● **Work request**
Look below for the line containing "del Giappone, passando". Write out that line and the rest through the last one, exactly as they appear, but without pictures.

== Recorded data ==

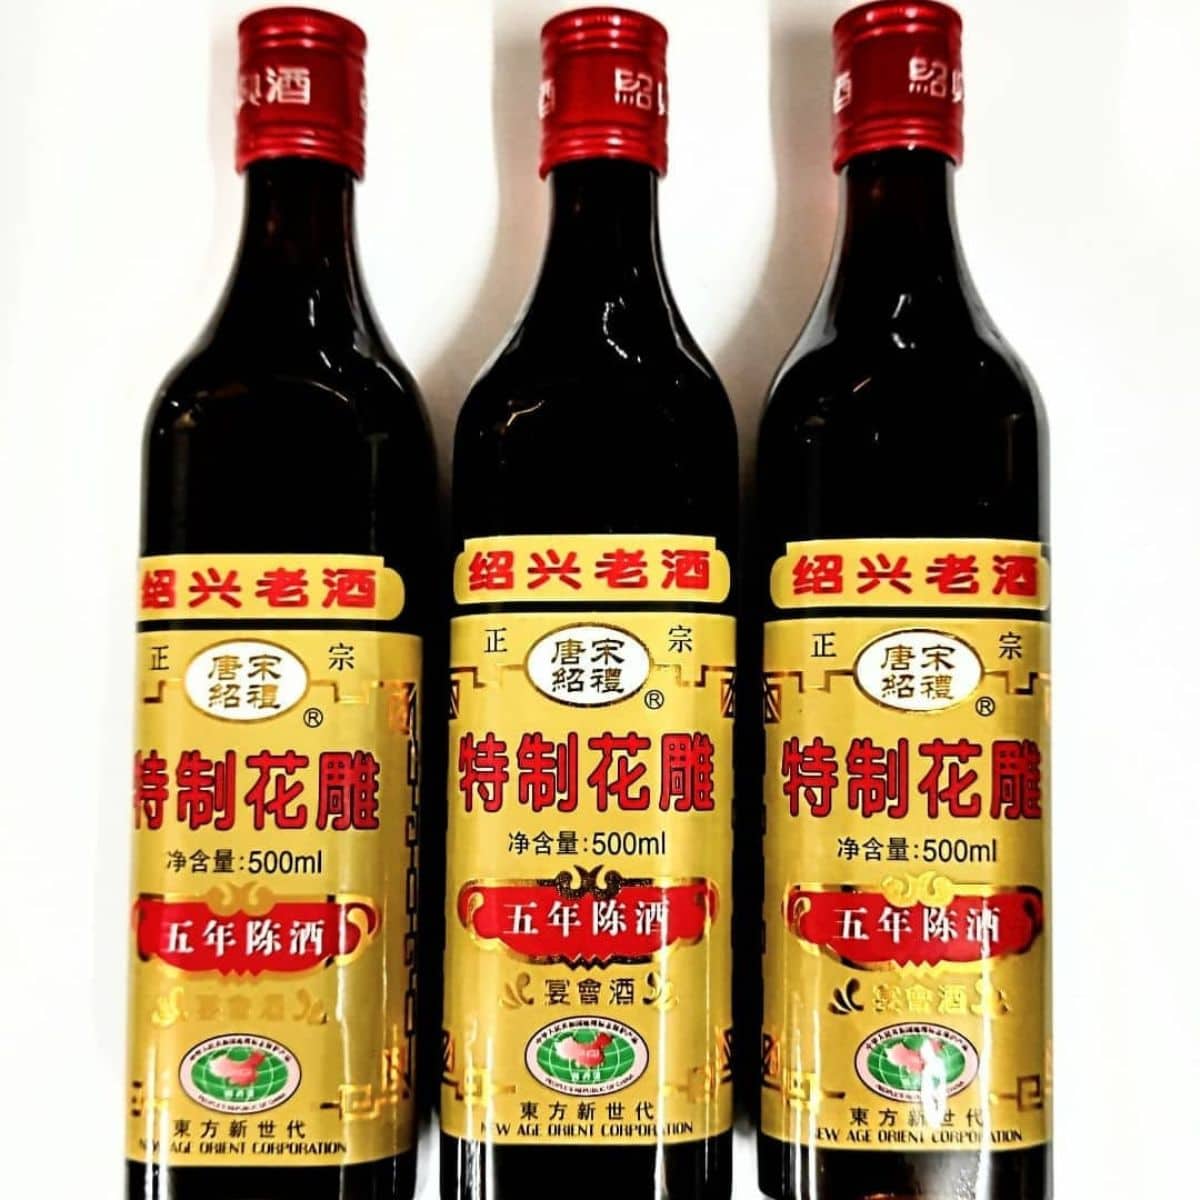 shaoxing wine chinese
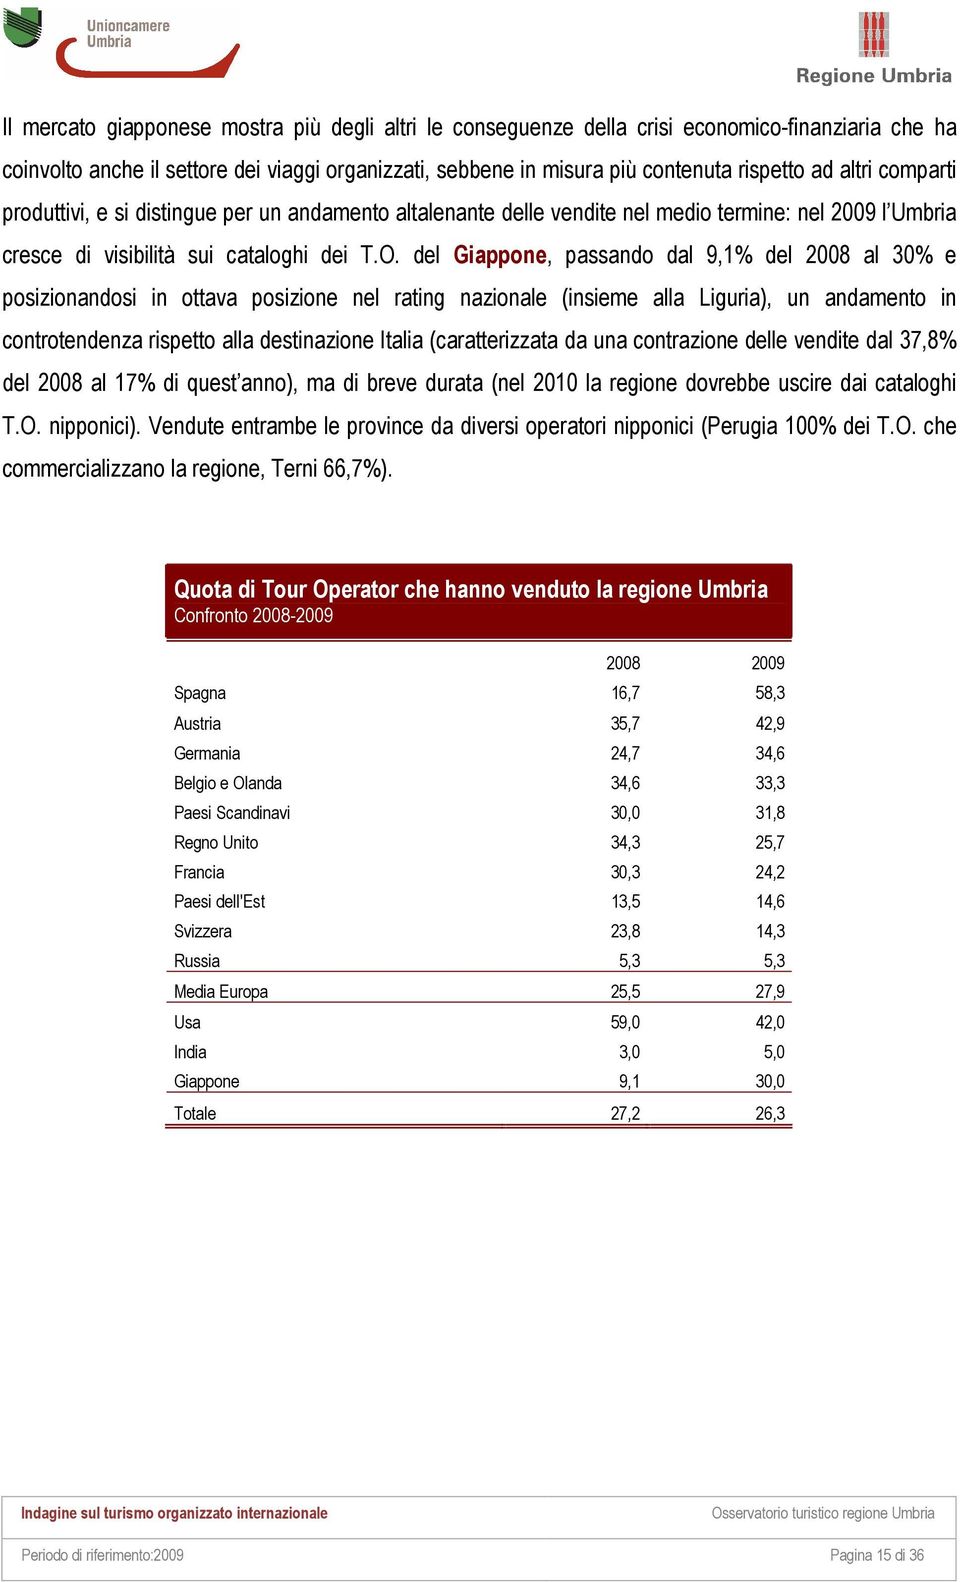 del Giappone, passando dal 9,1% del 2008 al 30% e posizionandosi in ottava posizione nel rating nazionale (insieme alla Liguria), un andamento in controtendenza rispetto alla destinazione Italia
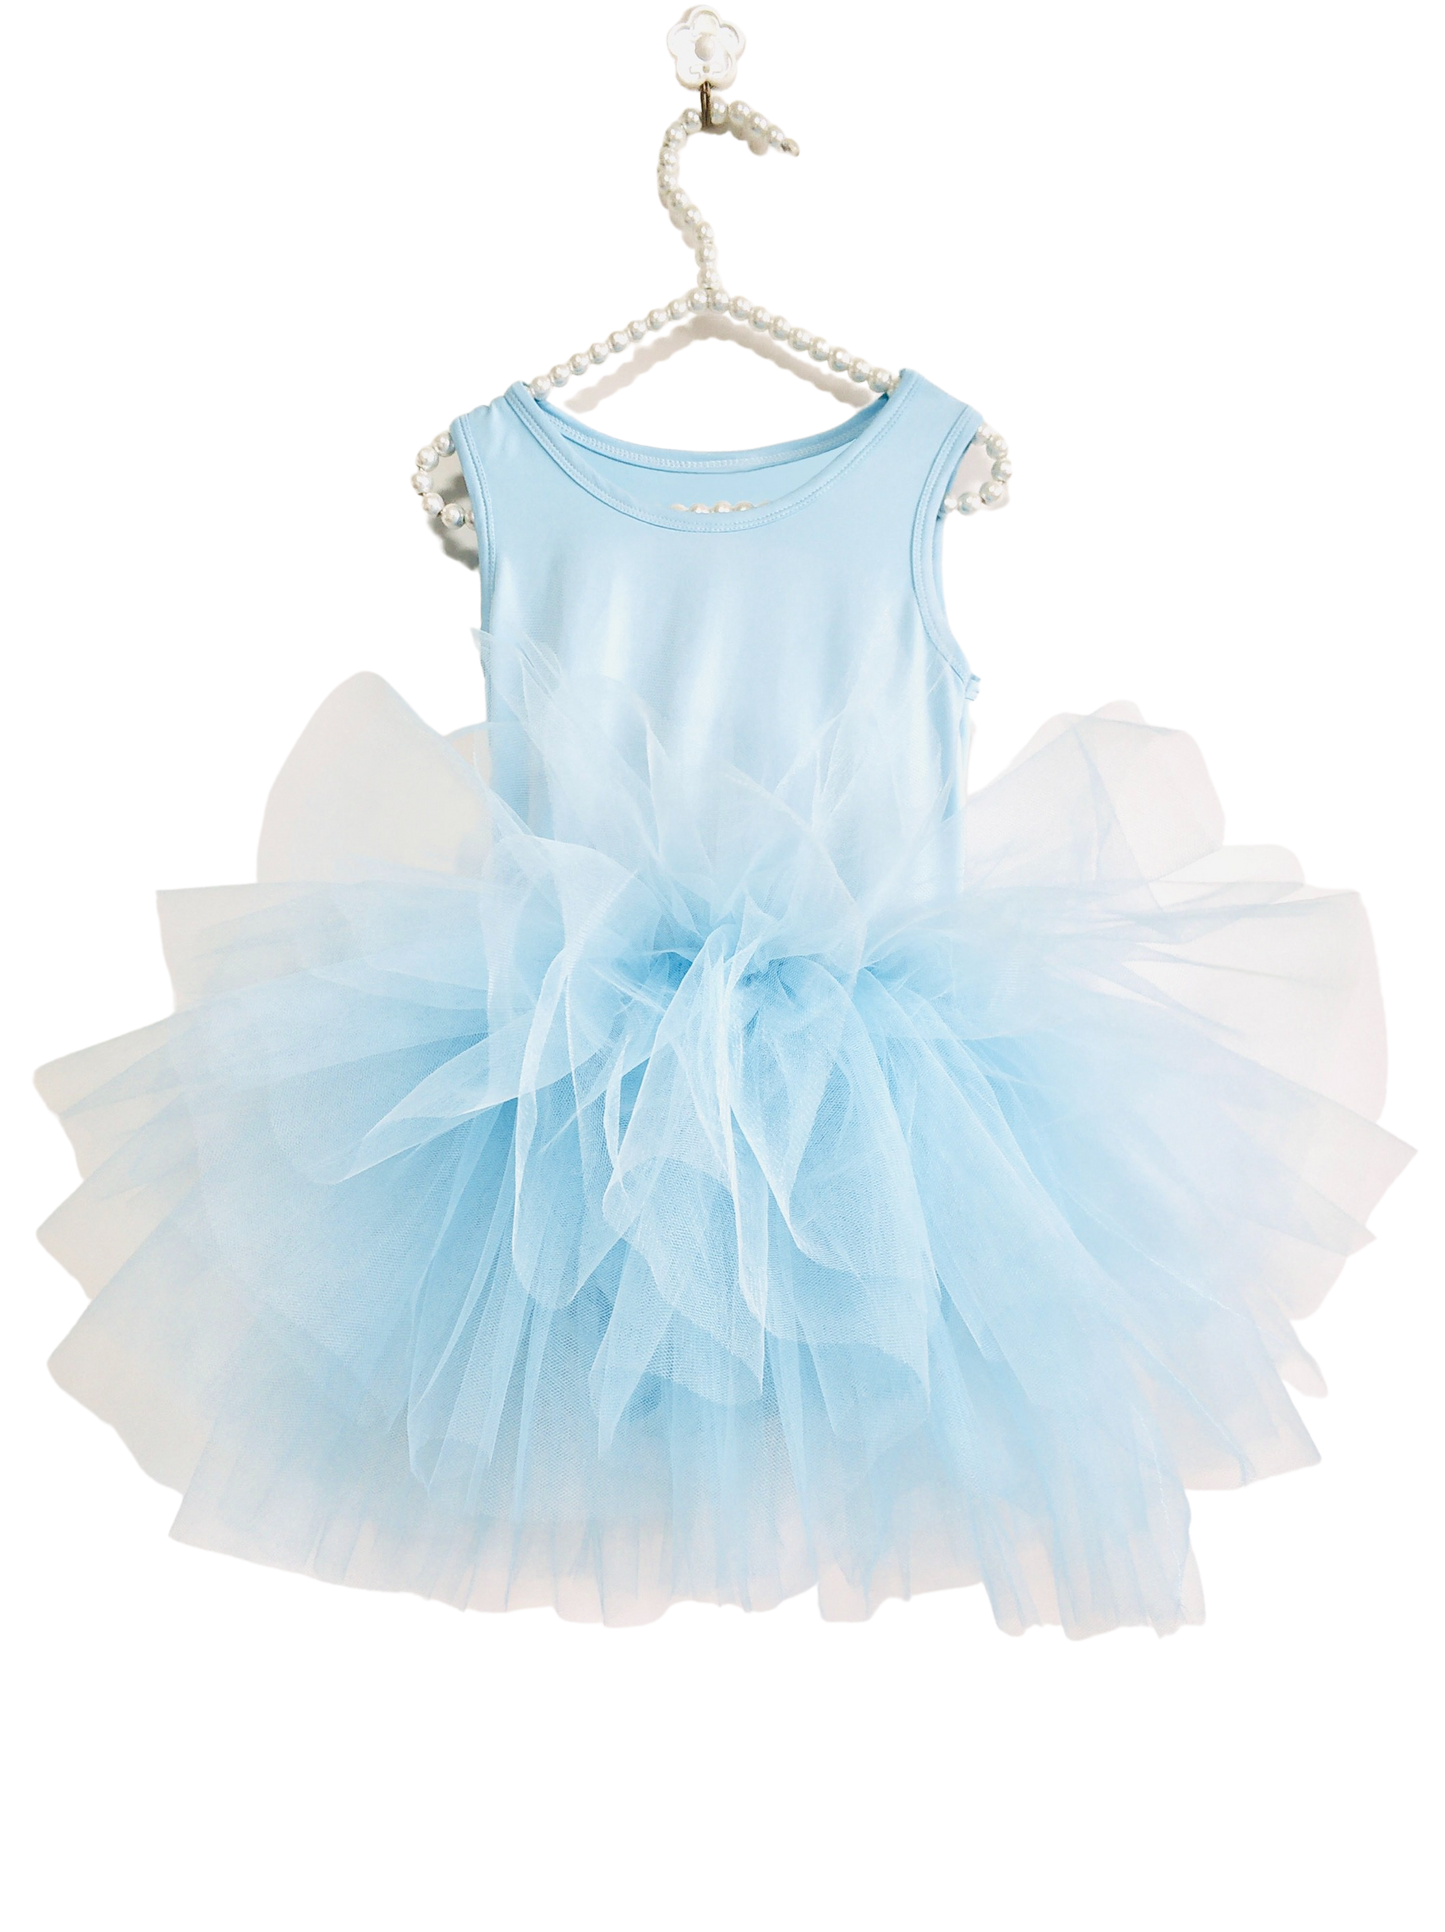 Dress | TIMELESS TUTU DRESS light blue

===

● **Answer for this exercise**
 del Giappone, passando dal 9,1% del 2008 al 30% e posizionandosi in ottava posizione nel rating nazionale (insieme alla Liguria), un andamento in controtendenza rispetto alla destinazione Italia
 Dress | TIMELESS TUTU DRESS light blue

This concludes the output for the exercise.